◆ WORK REQUEST ◆
Starting at the line with "Unidentified flying object." and going on through the line with "90 Making A", reproduce each line in the records below exactly and nothing more.

◆ RECORD EXCERPTS ◆
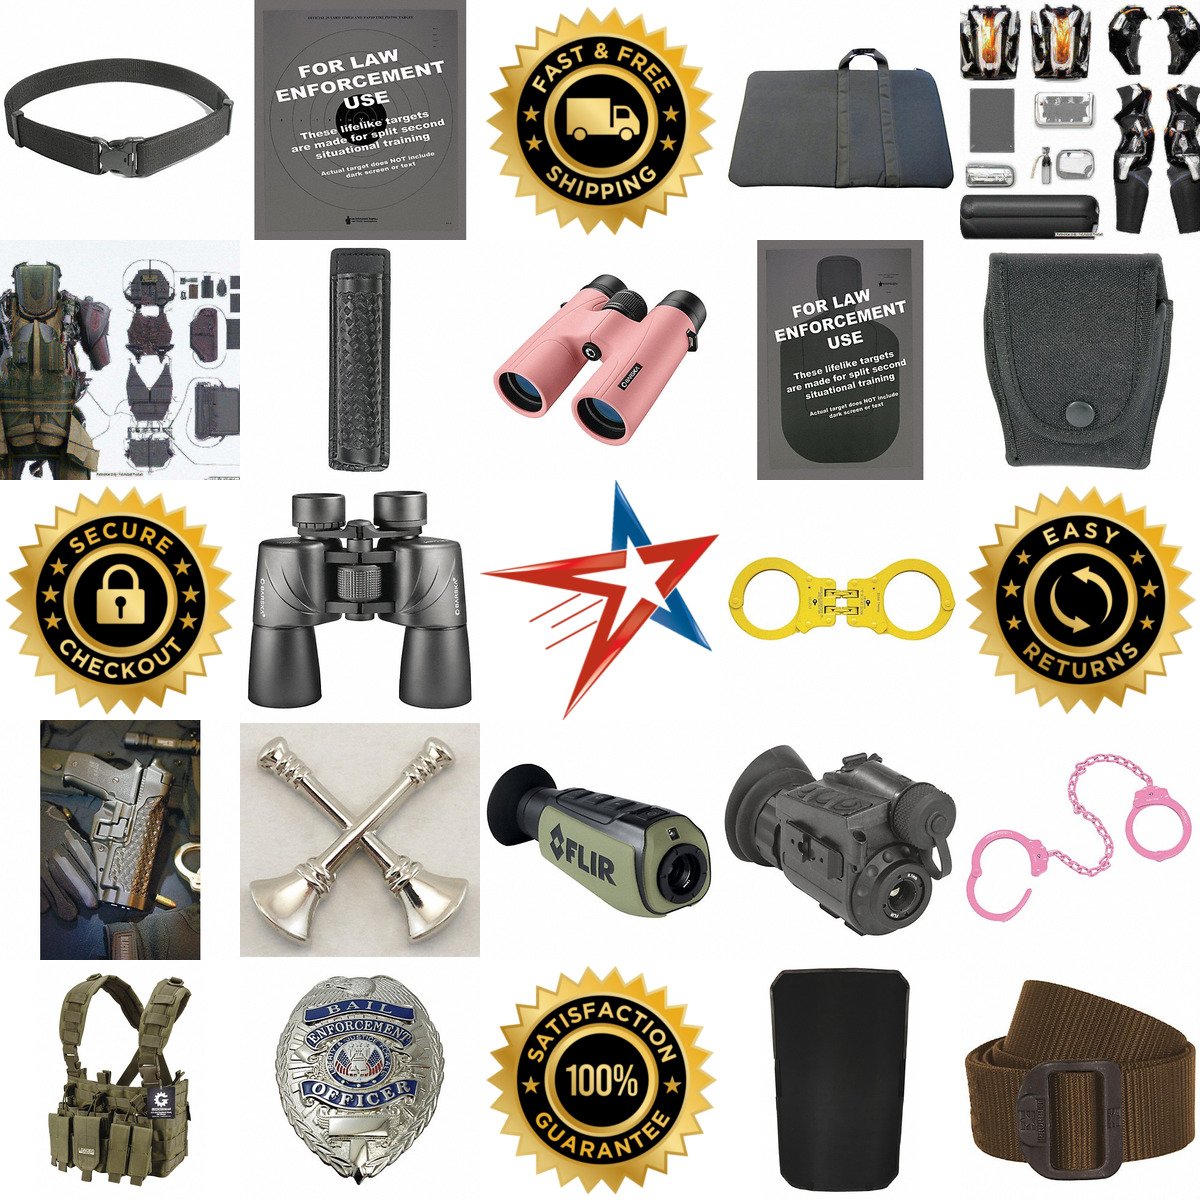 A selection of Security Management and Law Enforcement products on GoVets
---
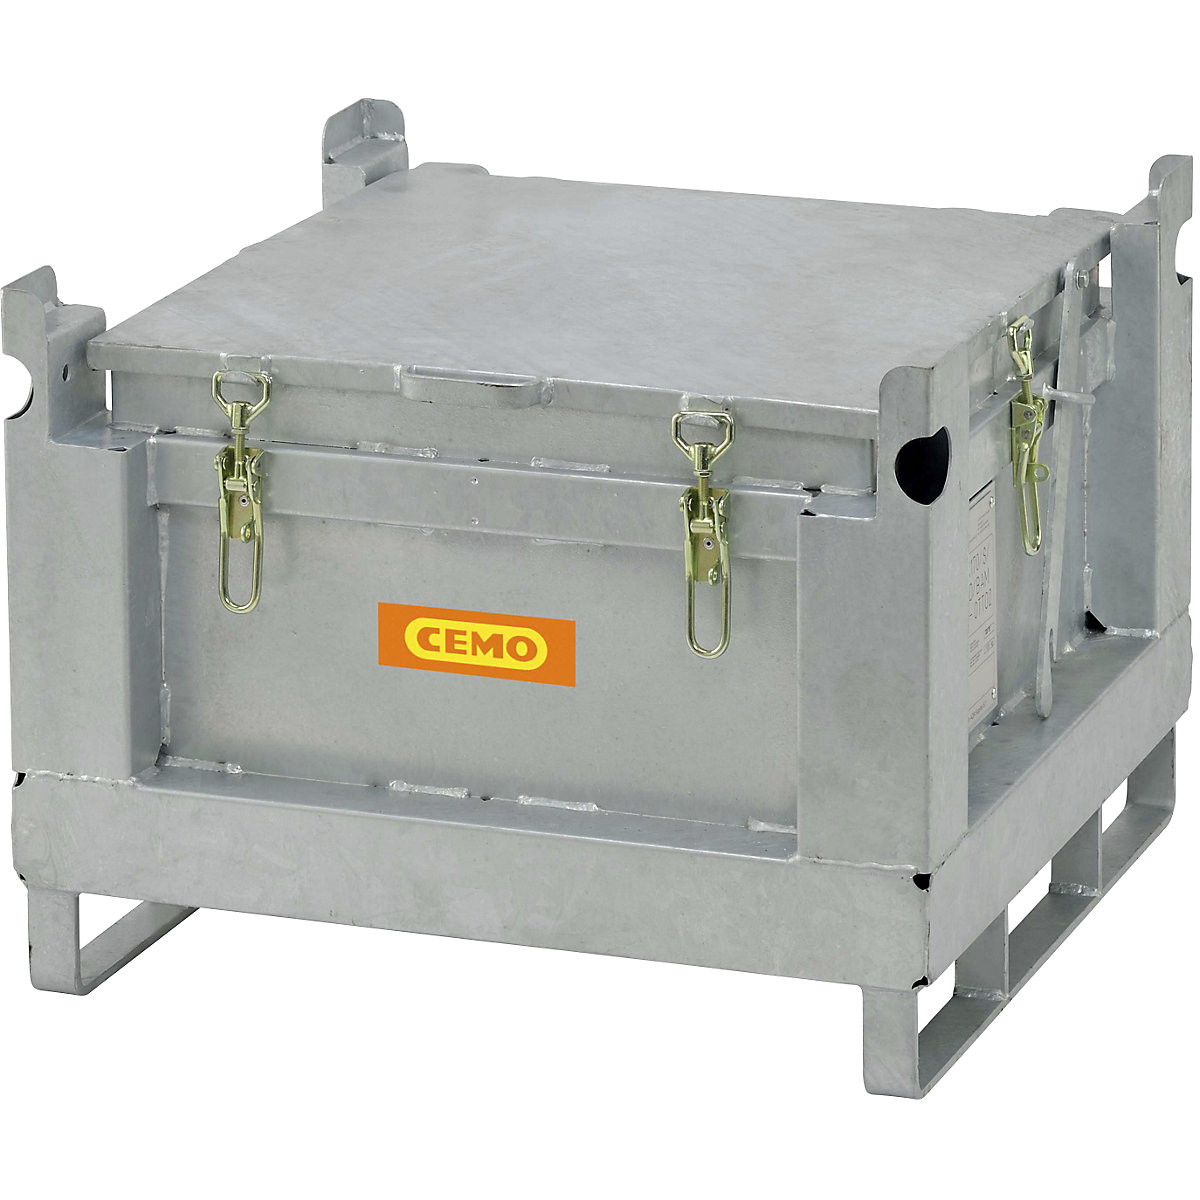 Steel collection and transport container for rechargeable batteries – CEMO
* * *
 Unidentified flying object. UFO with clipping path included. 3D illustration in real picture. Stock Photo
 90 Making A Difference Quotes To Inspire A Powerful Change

◆ OUTPUT FOR THIS EXERCISE ◆
 Unidentified flying object. UFO with clipping path included. 3D illustration in real picture. Stock Photo
 90 Making A Difference Quotes To Inspire A Powerful Change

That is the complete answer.